Importance:	Normal critical
Target Milestone:	---
Assigned To:	Evolution Shell Maintainers Team
QA Contact:	Evolution QA team

URL:
Whiteboard:

Depends on:
Blocks:

Reported:	2010-09-21 20:44 UTC by David Woodhouse
Modified:	2014-03-07 10:04 UTC

See Also:
GNOME target:	---
GNOME version:	---

Attachments
valgrind annotations for gslice (2.76 KB, patch) 2010-10-12 20:57 UTC, David Woodhouse	needs-work	Details \| Review

Description David Woodhouse 2010-09-21 20:44:44 UTC

Program received signal SIGSEGV, Segmentation fault.

+ Trace 223848

Thread 140735164679952 (LWP 3485)

#0 magazine_cache_trim
at gslice.c line 596
#1 magazine_cache_push_magazine
at gslice.c line 657
#2 private_thread_memory_cleanup
at gslice.c line 724
#3 __nptl_deallocate_tsd
at pthread_create.c line 154
#4 start_thread
at pthread_create.c line 308
#5 clone
at ../sysdeps/unix/sysv/linux/x86_64/clone.S line 115

Comment 1 David Woodhouse 2010-09-21 20:46:29 UTC

(gdb) t a a bt

+ Trace 223849

Thread 2559 (Thread 0x7fffa5dd5710 (LWP 3879))

#0 __lll_lock_wait
at ../nptl/sysdeps/unix/sysv/linux/x86_64/lowlevellock.S line 136
#1 _L_lock_868
from /lib64/libpthread.so.0
#2 __pthread_mutex_lock
at pthread_mutex_lock.c line 61
#3 magazine_cache_push_magazine
at gslice.c line 640
#4 private_thread_memory_cleanup
at gslice.c line 724
#5 __nptl_deallocate_tsd
at pthread_create.c line 154
#6 start_thread
at pthread_create.c line 308
#7 clone
at ../sysdeps/unix/sysv/linux/x86_64/clone.S line 115

Thread 2500 (Thread 0x7fff757f8710 (LWP 3485))

#0 magazine_cache_trim
at gslice.c line 596
#1 magazine_cache_push_magazine
at gslice.c line 657
#2 private_thread_memory_cleanup
at gslice.c line 724
#3 __nptl_deallocate_tsd
at pthread_create.c line 154
#4 start_thread
at pthread_create.c line 308
#5 clone
at ../sysdeps/unix/sysv/linux/x86_64/clone.S line 115

Thread 1 (Thread 0x7ffff4d96940 (LWP 28720))

#0 g_str_hash
at gstring.c line 135
#1 g_hash_table_lookup_node
at ghash.c line 308
#2 g_hash_table_lookup
at ghash.c line 897
#3 g_quark_from_string_internal
at gdataset.c line 1047
#4 g_quark_from_string
at gdataset.c line 1077
#5 g_object_dispatch_properties_changed
at gobject.c line 799
#6 g_object_notify_queue_thaw
at gobjectnotifyqueue.c line 132
#7 g_object_newv
at gobject.c line 1386
#8 g_object_new
at gobject.c line 1178
#9 mail_msg_new
at mail-mt.c line 95
#10 ping_store
at mail-folder-cache.c line 830
#11 g_hash_table_foreach
at ghash.c line 1324
#12 ping_cb
at mail-folder-cache.c line 841
#13 g_timeout_dispatch
at gmain.c line 3555
#14 g_main_dispatch
at gmain.c line 2119
#15 g_main_context_dispatch
at gmain.c line 2672
#16 g_main_context_iterate
at gmain.c line 2750
#17 g_main_loop_run
at gmain.c line 2958
#18 IA__gtk_main
at gtkmain.c line 1219
#19 main
at main.c line 671

Comment 2 David Woodhouse 2010-09-22 15:45:10 UTC

I suspect this one is probably related...

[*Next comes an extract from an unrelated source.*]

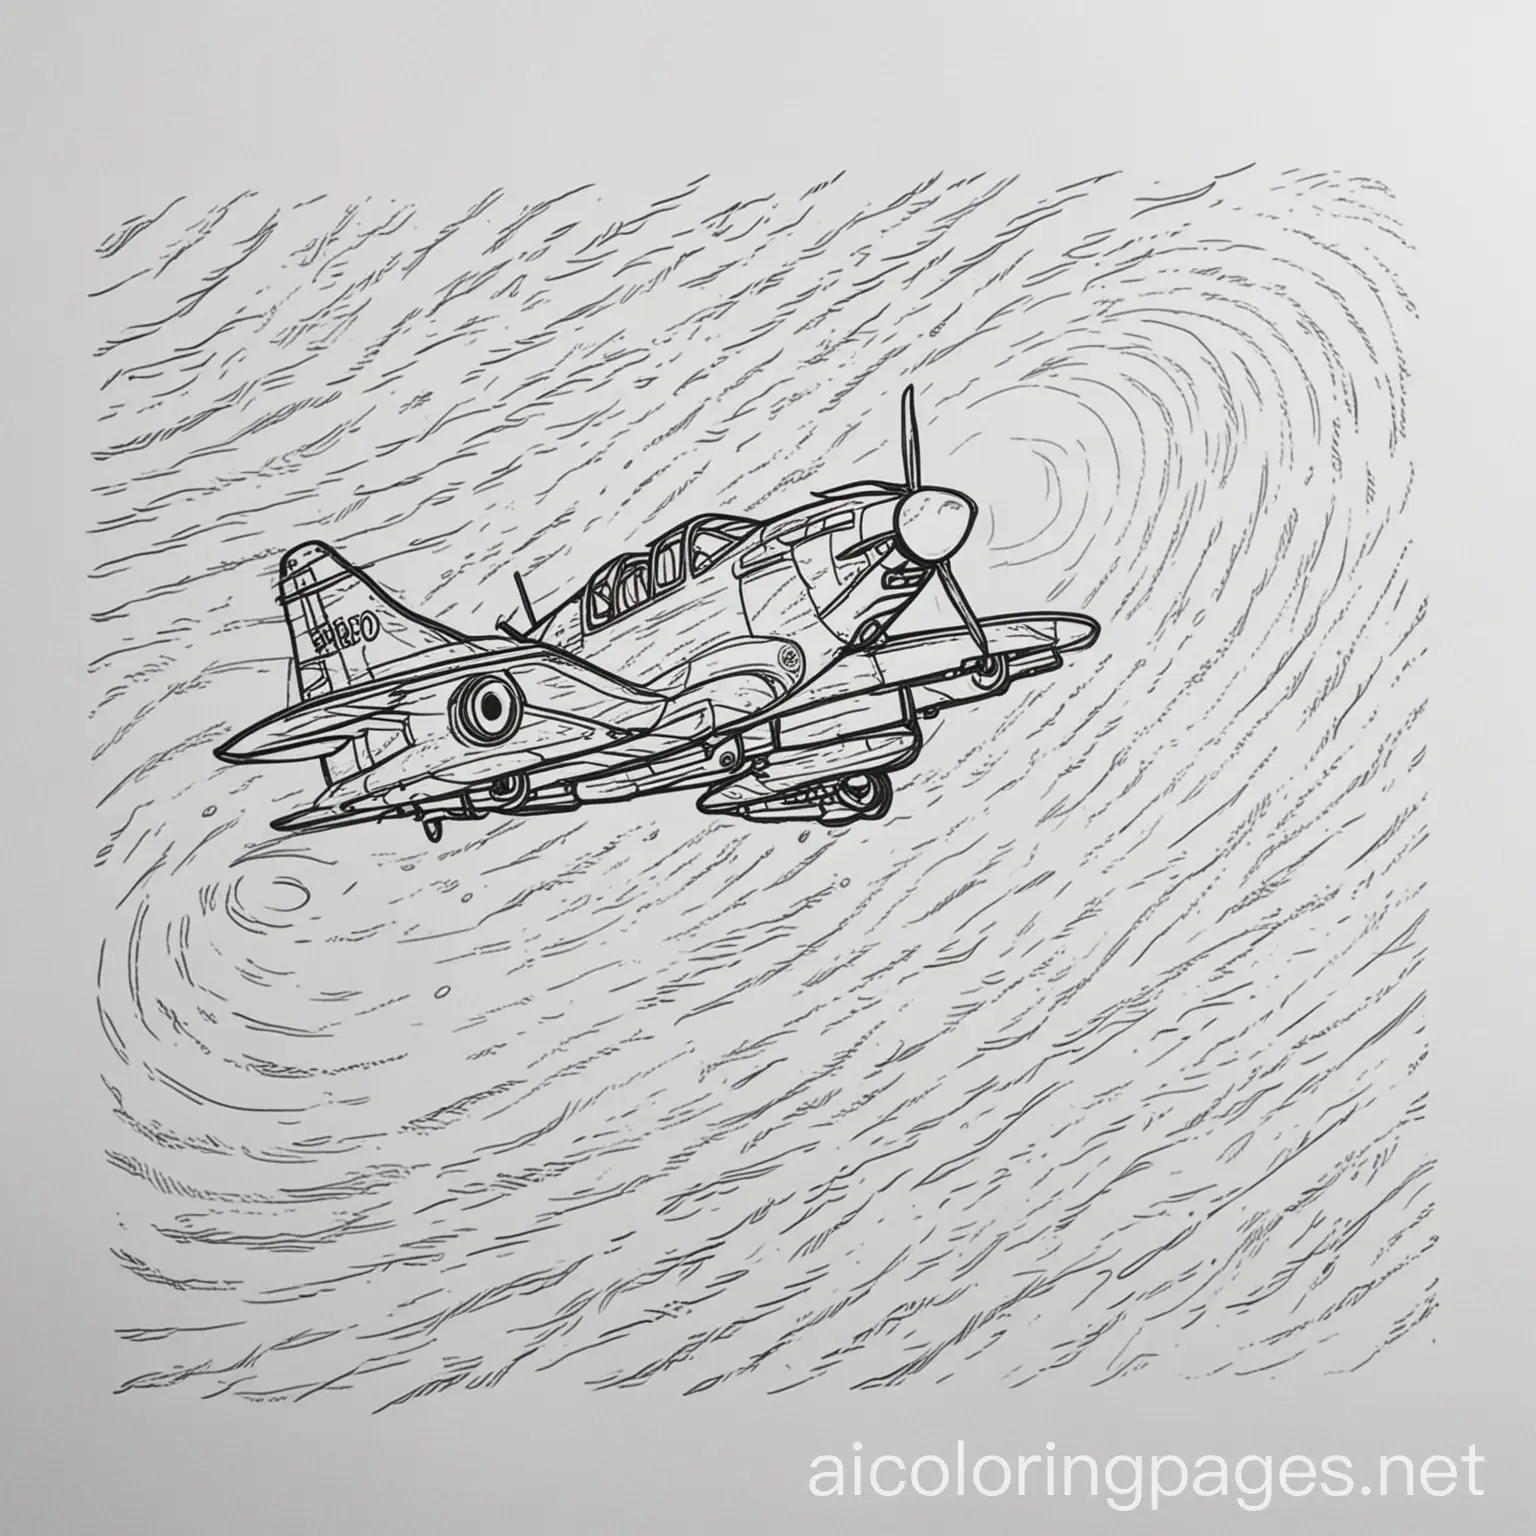 hurricane, Coloring Page, black and white, line art, white background, Simplicity, Ample White Space. The background of the coloring page is plain white to make it easy for young children to color within the lines. The outlines of all the subjects are easy to distinguish, making it simple for kids to color without too much difficulty

Program received signal SIGSEGV, Segmentation fault.

+ Trace 223856

Thread 140734917236496 (LWP 22528)

#0 magazine_chain_pop_head
at gslice.c line 486
#1 thread_memory_magazine1_alloc
at gslice.c line 789
#2 g_slice_alloc
at gslice.c line 827
#3 g_slist_prepend
at gslist.c line 272
#4 pool_depth_list
at gparam.c line 1218
#5 g_hash_table_foreach
at ghash.c line 1324
#6 g_param_spec_pool_list
at gparam.c line 1279
#7 g_object_class_list_properties
at gobject.c line 659
#8 object_state_write
at camel-object.c line 269
#9 camel_object_state_write
at camel-object.c line 453
#10 vee_folder_sync
at camel-vee-folder.c line 1087
#11 camel_folder_sync
at camel-folder.c line 1124
#12 refresh_folders_exec
at mail-send-recv.c line 910
#13 mail_msg_proxy
at mail-mt.c line 487
#14 g_thread_pool_thread_proxy
at gthreadpool.c line 314
#15 g_thread_create_proxy
at gthread.c line 1897
#16 start_thread
at pthread_create.c line 301
#17 clone
at ../sysdeps/unix/sysv/linux/x86_64/clone.S line 115

$1 = (ChunkLink **) 0x7fffcbe62810
(gdb) p *magazine_chunks
$2 = (ChunkLink *) 0x9350f0
(gdb) p chunk
$3 = (ChunkLink *) 0x7470697263736564
(gdb) p (char *)&chunk
$4 = 0x9350f8 "descript\a"

Comment 3 Milan Crha 2010-09-24 14:16:43 UTC

I recall similar issue, which was, if I recall correctly, caused by freeing GSLice'ed memory with g_free. The above seems to me like just a random crash, so do you have any steps how to reproduce this, please? Maybe valgrind with G_SLICE=always-malloc may help here.

Comment 4 David Woodhouse 2010-09-24 15:14:32 UTC

I've no idea how to reproduce, I'm afraid -- apart from the fact that in the Red Hat abrt bug, it seems it happened when I hit Ctrl-R to reply to a message.

It seems very random. I've been running in valgrind a lot and haven't seen anything that seems related. And wouldn't valgrind complain about using g_free on GSlice allocations? Or does using G_SLICE=always-malloc make that work out OK from valgrind's point of view?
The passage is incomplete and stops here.